Referring to FIG. 1C, when the liquid phase is evaporated after a certain time after the process of FIG. 1B, the particles are in solid phase growth to obtain a desired polycrystalline silicon layer (3). Subsequently, when the grown polysilicon layer is applied to the device, a post-treatment process is performed using various cleaning methods to remove the possibility of contamination due to the atmosphere at the evaporation interface.

The polycrystalline silicon layer of the present invention formed through the above-described method can be applied to the gate electrode, the channel layer, and the source / drain electrode portion of the thin film transistor, and the pixel driving of the LCD using the TFT to which the polycrystalline silicon layer is applied Part and LCD image sensor can be applied to the driving circuit part. Also, the present invention can be applied to polysilicon solar cells and the like having a p-i-n (p-type semiconductor-intrinsic semiconductor-n-type semiconductor) structure.

In addition, the method of the present invention is not limited to the above-described TFT and LCD, but can be extended to the extent that the technical idea of the present invention is limited.

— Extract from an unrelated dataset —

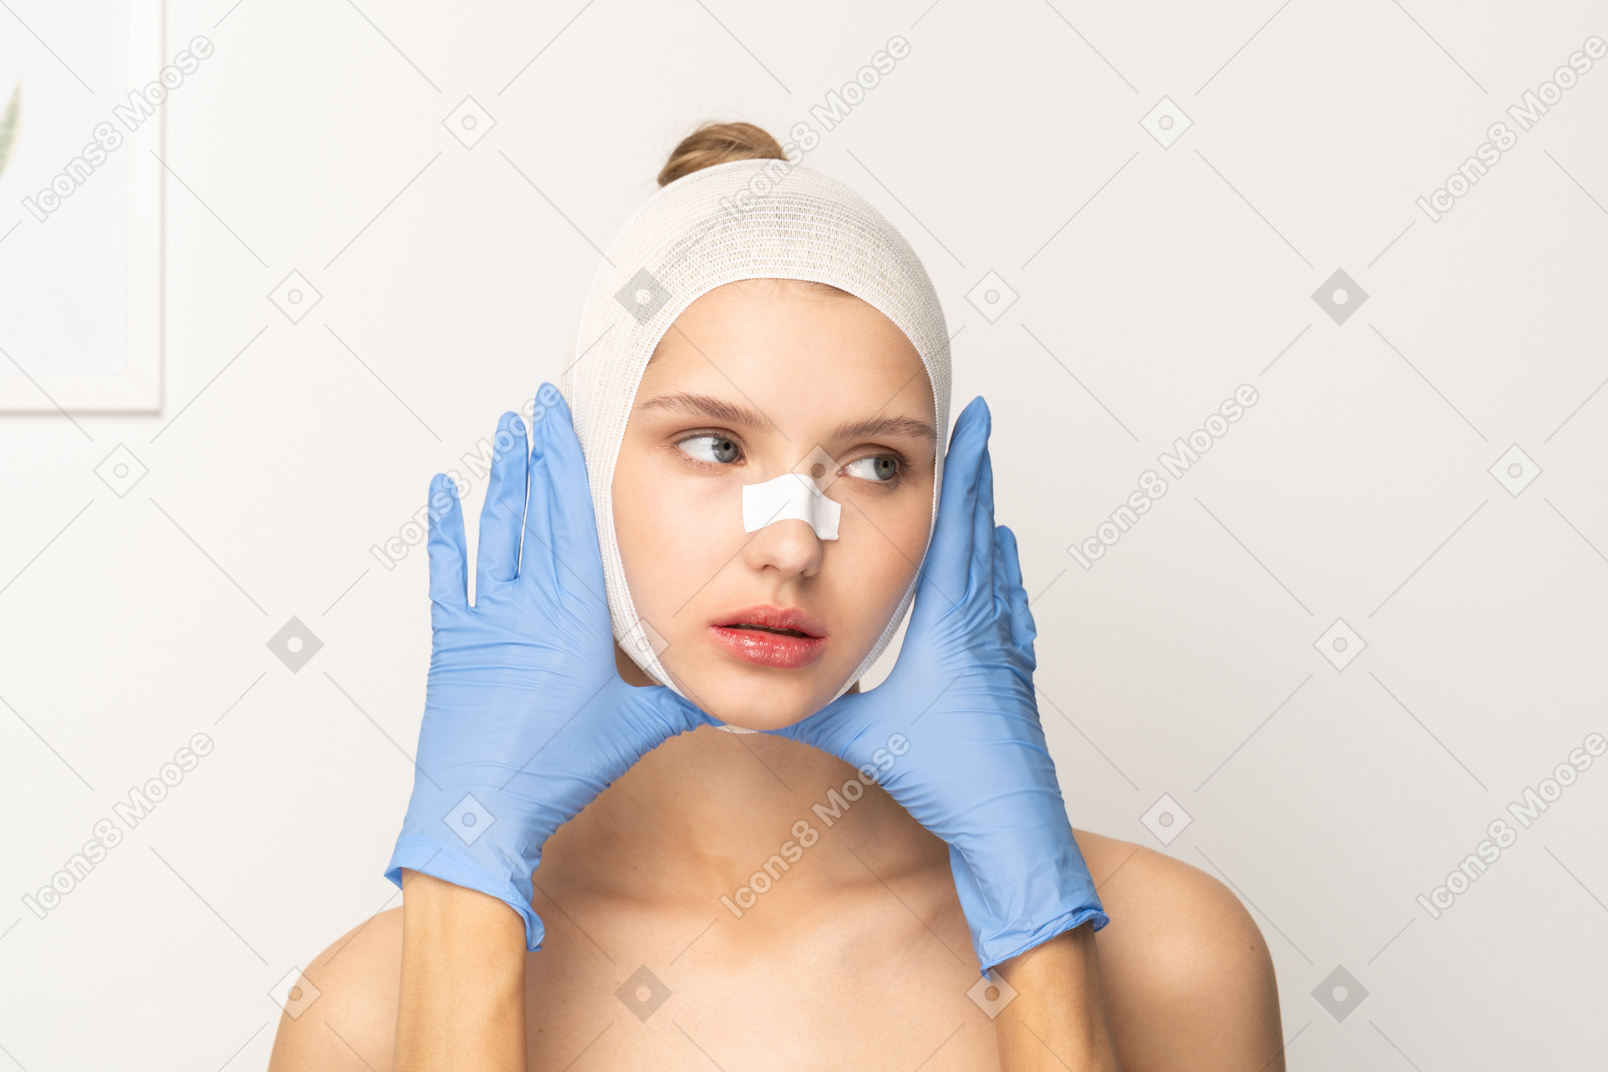 Paciente do sexo feminino com mãos enluvadas emoldurando seu rosto

As described above, in the crystal growth method of the polycrystalline silicon according to the present invention, it is possible to obtain polycrystalline silicon having a larger grain size at a lower temperature and more quickly by growing the polycrystalline silicon by solid solubility in the liquid phase. Therefore, it is possible to select a low-cost substrate by the above effect, and expensive equipment for annealing is not necessary, thereby reducing the time required for fabrication of the device. Therefore, in the case of LCD, a TFT panel with low manufacturing cost can be obtained.

Claims (10)

Laminating a buffer layer on an insulating substrate; Forming a medium material layer for liquid phase growth on the buffer layer; Forming a silicon layer on the intermediate material layer; And a step of annealing the resultant after the silicon formation. 2. The crystal growth method of polycrystalline silicon according to claim 1, wherein the insulating substrate is a glass substrate. The method of claim 1, wherein the silicon layer is formed between the buffer layer and the media material layer by changing the formation order of the media material layer and the silicon layer. 2. The crystal growth method of polycrystalline silicon according to claim 1, further comprising forming a new medium layer on the silicon layer. The crystal growth method of polycrystalline silicon according to any one of claims 1, 3 and 4, wherein the intermediate material layer is made of a metal having a low melting point or a compound having a low melting point. 6. The crystal growth method of polysilicon of claim 5, wherein the metal having a low melting point is made of all materials having a slightly higher melting point or similar to that of the strain print of the insulating substrate to be used. The compound of claim 5, wherein the compound having a low melting point is a compound containing all or part of elements such as H, F, and Cl, and the melting point is made of all materials that are slightly higher or similar to the strain point of the insulating substrate to be used. Crystal growth method of polycrystalline silicon characterized by the above-mentioned. 5. The crystal growth method of polycrystalline silicon according to any one of claims 1, 3 and 4, wherein the silicon layer is either an amorphous silicon layer or a polycrystalline silicon layer. The crystal growth method of polycrystalline silicon according to any one of claims 1, 3 and 4, wherein the annealing process is performed at a temperature at which the insulating substrate is not strained. 5. The crystal growth method of polycrystalline silicon according to any one of claims 1, 3 and 4, wherein the crystal growth method of the polycrystalline silicon further comprises a cleaning step after the annealing process.